From 2018 and until 2021, there are 14 DMCA exemptions in effect. One of them is "Computer programs, except videos games, no longer reasonably available in commercial marketplace, for preservation by eligible libraries, archives, and museums." Unfortunately, while this software is not a video game, nor is it reasonably available, it is not covered by this clause, as "the work cannot be made available or distributed outside the physical premises of the eligible institution."
Not to worry, though! There is one other possible exemption. Number 11: "Computer programs, for purposes of good-faith security research." Is this good-faith security research? Well, one of the tests there is whether the "information is used primarily to promote security of devices on which the program operates." This probably does the opposite, being an effective argument and tutorial AGAINST security, so it probably doesn't work, either.
So yes, this is probably illegal. It could maybe even be a felony, technically. You could probably get years in prison for it. You wouldn't, but that won't stop a fed from convincing you of that in order to get you to sign a confession.
The US strong-armed most their trade-partners into implementing DMCA-compatible laws. Here in Australia we have "compatible" laws, but to my knowledge no exemption process.
EDIT: It's probably worth noting we didn't even bother amending our existing legislation, we just introduced new conflicting legislation.

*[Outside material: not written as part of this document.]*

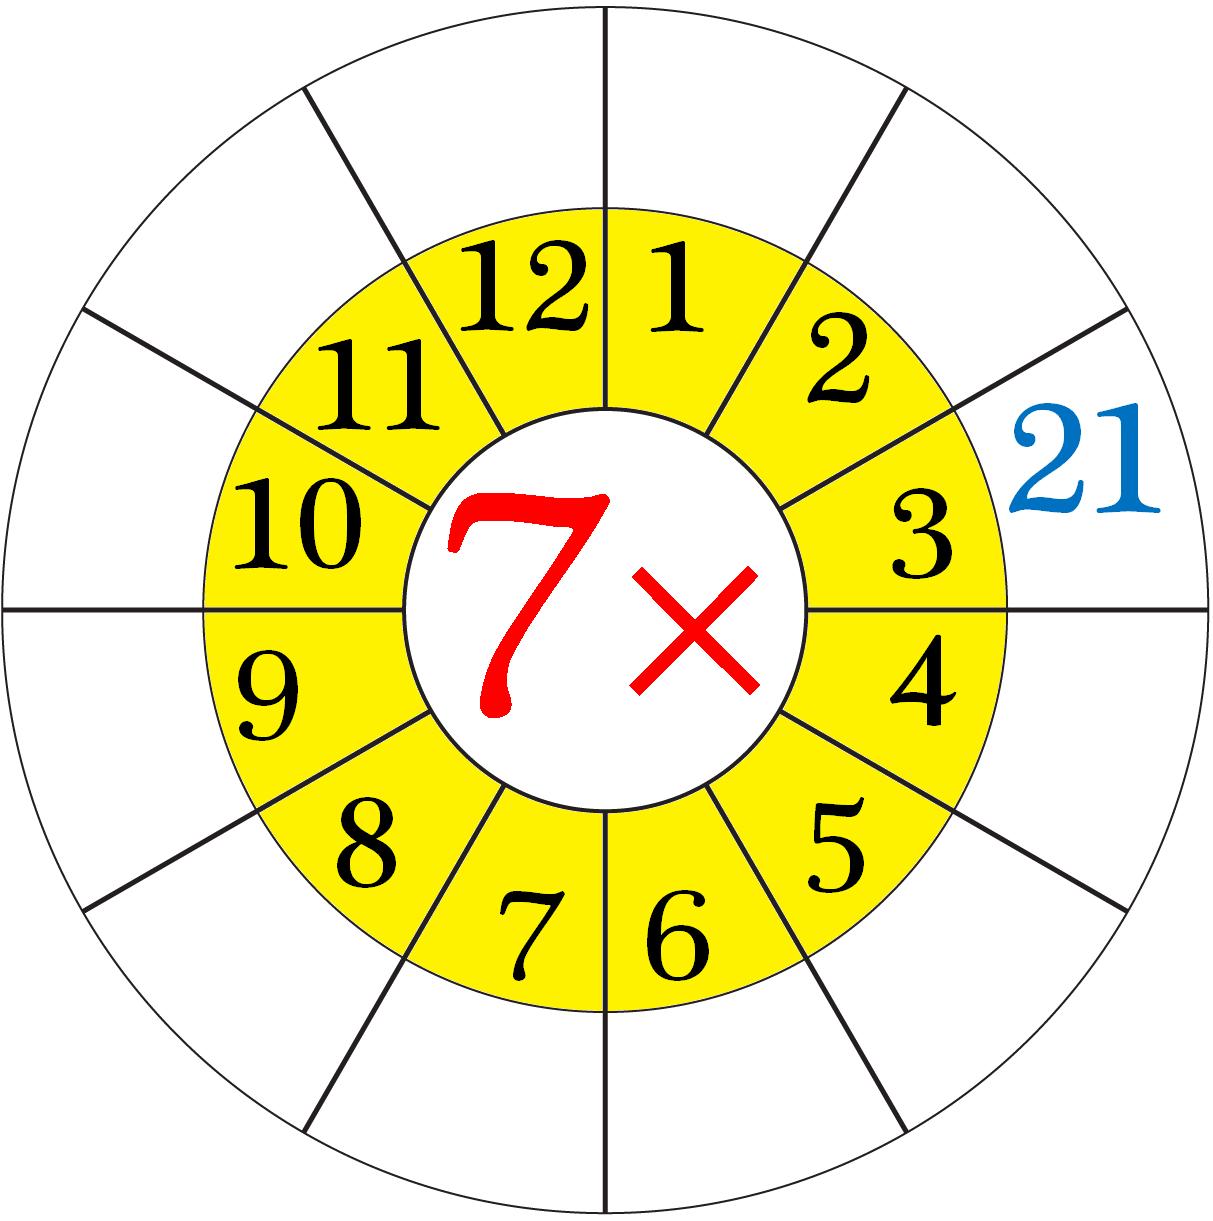 7 Times Tables Worksheet

It's a real mess.
As pertains to Latvia specifically (I apologise if my Github <-> HN username assumption is inaccurate), then the relevant laws are implemented under "Copyright Law, Chapter XI, Section 68".
We also still have laws in Australia that permit reverse engineering for the purpose of interoperability. This is what I meant above where I wrote:
> To clarify, none of the reverse engineering stuff is the issue.
The problem is these laws are superseded when circumvention of technological measures pertaining to copy protection is involved.
> The Treaty obliges Contracting Parties to provide legal remedies against the circumvention of technological measures (e.g., encryption) used by authors in connection with the exercise of their rights, and against the removal or altering of information, such as certain data that identify works or their authors, necessary for the management (e.g., licensing, collecting and distribution of royalties) of their rights ("rights management information").
This got written into many local copyright laws.
There are similar reverse engineering tools that are open source such as:
- Ghidra: https://ghidra-sre.org/
- radare2: https://rada.re/n/radare2.html
QA: Are you still need that again with your developer tools?
Do you think the creator would have been net up in revenue terms to add features, or using this feature to reduce piracy?